Problem statement
Beneath this line are the data; copy exactly the part of them that opens with the line containing "Bộ Hình Nền" and closes with the line containing "Deux jolies jeunes", and only that part.

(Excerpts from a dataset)
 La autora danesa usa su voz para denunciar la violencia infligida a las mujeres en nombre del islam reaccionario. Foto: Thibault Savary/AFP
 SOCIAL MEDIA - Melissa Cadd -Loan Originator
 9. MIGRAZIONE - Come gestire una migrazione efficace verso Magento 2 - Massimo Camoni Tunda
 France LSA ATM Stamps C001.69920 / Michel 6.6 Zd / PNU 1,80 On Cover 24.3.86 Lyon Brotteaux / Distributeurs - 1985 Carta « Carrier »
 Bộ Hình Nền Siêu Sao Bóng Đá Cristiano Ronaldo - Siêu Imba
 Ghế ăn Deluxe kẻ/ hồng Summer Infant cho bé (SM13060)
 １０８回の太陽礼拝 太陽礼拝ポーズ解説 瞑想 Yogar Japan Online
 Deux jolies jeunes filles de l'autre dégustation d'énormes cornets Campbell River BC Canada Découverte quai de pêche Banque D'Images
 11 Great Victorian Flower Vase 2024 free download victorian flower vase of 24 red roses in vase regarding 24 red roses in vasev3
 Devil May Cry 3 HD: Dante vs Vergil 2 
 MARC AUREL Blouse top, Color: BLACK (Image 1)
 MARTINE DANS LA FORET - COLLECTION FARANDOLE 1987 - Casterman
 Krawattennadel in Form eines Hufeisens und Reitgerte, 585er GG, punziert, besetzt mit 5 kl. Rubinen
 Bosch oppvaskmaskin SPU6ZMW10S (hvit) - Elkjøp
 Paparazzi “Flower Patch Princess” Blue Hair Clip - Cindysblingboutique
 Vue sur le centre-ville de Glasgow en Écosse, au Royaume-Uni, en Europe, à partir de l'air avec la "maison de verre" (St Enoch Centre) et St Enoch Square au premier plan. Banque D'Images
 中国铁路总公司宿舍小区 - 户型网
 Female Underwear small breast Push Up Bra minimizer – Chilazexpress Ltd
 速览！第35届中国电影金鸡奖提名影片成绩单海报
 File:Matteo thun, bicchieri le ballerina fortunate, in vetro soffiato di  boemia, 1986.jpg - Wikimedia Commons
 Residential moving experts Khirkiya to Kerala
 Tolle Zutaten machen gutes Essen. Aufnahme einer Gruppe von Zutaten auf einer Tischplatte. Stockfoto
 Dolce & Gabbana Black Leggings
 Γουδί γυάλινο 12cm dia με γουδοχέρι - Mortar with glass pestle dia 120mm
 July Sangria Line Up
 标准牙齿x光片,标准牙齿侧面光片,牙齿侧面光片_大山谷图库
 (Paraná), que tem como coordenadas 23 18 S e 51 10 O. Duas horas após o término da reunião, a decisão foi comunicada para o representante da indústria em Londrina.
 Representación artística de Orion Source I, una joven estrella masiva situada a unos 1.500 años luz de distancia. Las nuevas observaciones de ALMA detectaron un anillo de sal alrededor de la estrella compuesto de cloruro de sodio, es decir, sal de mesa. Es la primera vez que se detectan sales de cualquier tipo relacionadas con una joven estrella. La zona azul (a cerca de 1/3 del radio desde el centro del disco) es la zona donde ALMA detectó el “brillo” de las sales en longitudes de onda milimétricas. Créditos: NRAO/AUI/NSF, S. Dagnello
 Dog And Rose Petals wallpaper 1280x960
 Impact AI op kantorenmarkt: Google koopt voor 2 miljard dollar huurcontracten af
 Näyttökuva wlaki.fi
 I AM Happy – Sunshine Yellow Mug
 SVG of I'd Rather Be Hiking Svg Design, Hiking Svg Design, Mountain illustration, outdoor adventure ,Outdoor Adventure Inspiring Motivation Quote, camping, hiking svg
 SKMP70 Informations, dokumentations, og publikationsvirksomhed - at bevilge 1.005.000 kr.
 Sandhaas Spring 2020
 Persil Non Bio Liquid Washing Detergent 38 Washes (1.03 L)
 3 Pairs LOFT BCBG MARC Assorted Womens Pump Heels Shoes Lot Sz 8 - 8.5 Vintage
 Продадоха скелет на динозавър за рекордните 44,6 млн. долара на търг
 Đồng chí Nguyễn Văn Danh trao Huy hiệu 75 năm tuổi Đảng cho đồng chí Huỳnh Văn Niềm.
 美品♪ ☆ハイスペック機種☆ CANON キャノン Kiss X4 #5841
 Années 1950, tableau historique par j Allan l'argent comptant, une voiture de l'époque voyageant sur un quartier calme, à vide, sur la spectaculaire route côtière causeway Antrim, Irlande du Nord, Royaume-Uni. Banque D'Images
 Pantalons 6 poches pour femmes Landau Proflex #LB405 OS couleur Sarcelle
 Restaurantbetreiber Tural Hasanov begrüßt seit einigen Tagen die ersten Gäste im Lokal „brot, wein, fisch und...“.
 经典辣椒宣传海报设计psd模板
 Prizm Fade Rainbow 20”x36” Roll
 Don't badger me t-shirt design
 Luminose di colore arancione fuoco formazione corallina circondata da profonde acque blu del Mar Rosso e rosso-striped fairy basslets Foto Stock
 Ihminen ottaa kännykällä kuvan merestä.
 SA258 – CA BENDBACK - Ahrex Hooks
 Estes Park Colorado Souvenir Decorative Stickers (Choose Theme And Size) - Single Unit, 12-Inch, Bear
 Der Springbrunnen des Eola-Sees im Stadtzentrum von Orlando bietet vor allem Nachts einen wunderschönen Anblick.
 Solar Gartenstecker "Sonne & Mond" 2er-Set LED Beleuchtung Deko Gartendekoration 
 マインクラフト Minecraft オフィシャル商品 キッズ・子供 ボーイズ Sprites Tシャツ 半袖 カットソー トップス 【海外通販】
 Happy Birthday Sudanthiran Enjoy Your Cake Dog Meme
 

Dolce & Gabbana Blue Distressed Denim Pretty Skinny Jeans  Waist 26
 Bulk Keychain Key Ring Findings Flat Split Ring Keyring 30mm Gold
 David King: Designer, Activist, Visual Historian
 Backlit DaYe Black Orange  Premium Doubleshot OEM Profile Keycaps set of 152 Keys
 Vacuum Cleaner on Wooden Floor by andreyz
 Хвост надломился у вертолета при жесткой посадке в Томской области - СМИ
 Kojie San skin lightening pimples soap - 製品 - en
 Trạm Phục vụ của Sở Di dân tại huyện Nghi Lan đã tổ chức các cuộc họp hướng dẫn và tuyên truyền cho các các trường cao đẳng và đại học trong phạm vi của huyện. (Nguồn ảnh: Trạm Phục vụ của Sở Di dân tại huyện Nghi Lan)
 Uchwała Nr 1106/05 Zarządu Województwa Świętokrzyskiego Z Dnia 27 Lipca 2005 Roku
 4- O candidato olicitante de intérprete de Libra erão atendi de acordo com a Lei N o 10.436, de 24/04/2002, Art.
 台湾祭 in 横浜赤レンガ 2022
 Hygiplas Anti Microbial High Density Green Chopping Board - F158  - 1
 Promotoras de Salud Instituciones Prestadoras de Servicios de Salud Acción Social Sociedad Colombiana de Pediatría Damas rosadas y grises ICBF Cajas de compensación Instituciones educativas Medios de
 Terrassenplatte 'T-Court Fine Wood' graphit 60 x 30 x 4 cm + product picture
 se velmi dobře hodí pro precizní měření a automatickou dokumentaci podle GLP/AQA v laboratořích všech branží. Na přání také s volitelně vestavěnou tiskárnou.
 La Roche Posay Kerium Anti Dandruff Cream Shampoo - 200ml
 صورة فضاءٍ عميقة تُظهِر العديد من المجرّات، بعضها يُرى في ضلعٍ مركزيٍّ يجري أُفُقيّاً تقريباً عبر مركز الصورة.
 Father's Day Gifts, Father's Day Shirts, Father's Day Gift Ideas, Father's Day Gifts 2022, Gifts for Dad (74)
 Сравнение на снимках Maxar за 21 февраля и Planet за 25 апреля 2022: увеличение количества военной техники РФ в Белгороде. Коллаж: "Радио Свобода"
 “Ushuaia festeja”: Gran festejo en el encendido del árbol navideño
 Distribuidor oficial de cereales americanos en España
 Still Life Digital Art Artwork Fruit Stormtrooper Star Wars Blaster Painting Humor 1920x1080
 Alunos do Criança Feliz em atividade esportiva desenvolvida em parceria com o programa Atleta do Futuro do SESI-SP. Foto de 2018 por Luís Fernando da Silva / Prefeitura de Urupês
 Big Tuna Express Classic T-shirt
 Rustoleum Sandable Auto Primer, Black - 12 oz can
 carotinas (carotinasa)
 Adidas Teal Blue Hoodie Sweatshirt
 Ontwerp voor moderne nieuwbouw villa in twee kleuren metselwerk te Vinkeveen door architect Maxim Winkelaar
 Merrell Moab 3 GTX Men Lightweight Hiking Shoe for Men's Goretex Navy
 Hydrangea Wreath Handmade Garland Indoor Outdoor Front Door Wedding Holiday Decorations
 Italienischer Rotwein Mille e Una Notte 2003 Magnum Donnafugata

Answer section
 Bộ Hình Nền Siêu Sao Bóng Đá Cristiano Ronaldo - Siêu Imba
 Ghế ăn Deluxe kẻ/ hồng Summer Infant cho bé (SM13060)
 １０８回の太陽礼拝 太陽礼拝ポーズ解説 瞑想 Yogar Japan Online
 Deux jolies jeunes filles de l'autre dégustation d'énormes cornets Campbell River BC Canada Découverte quai de pêche Banque D'Images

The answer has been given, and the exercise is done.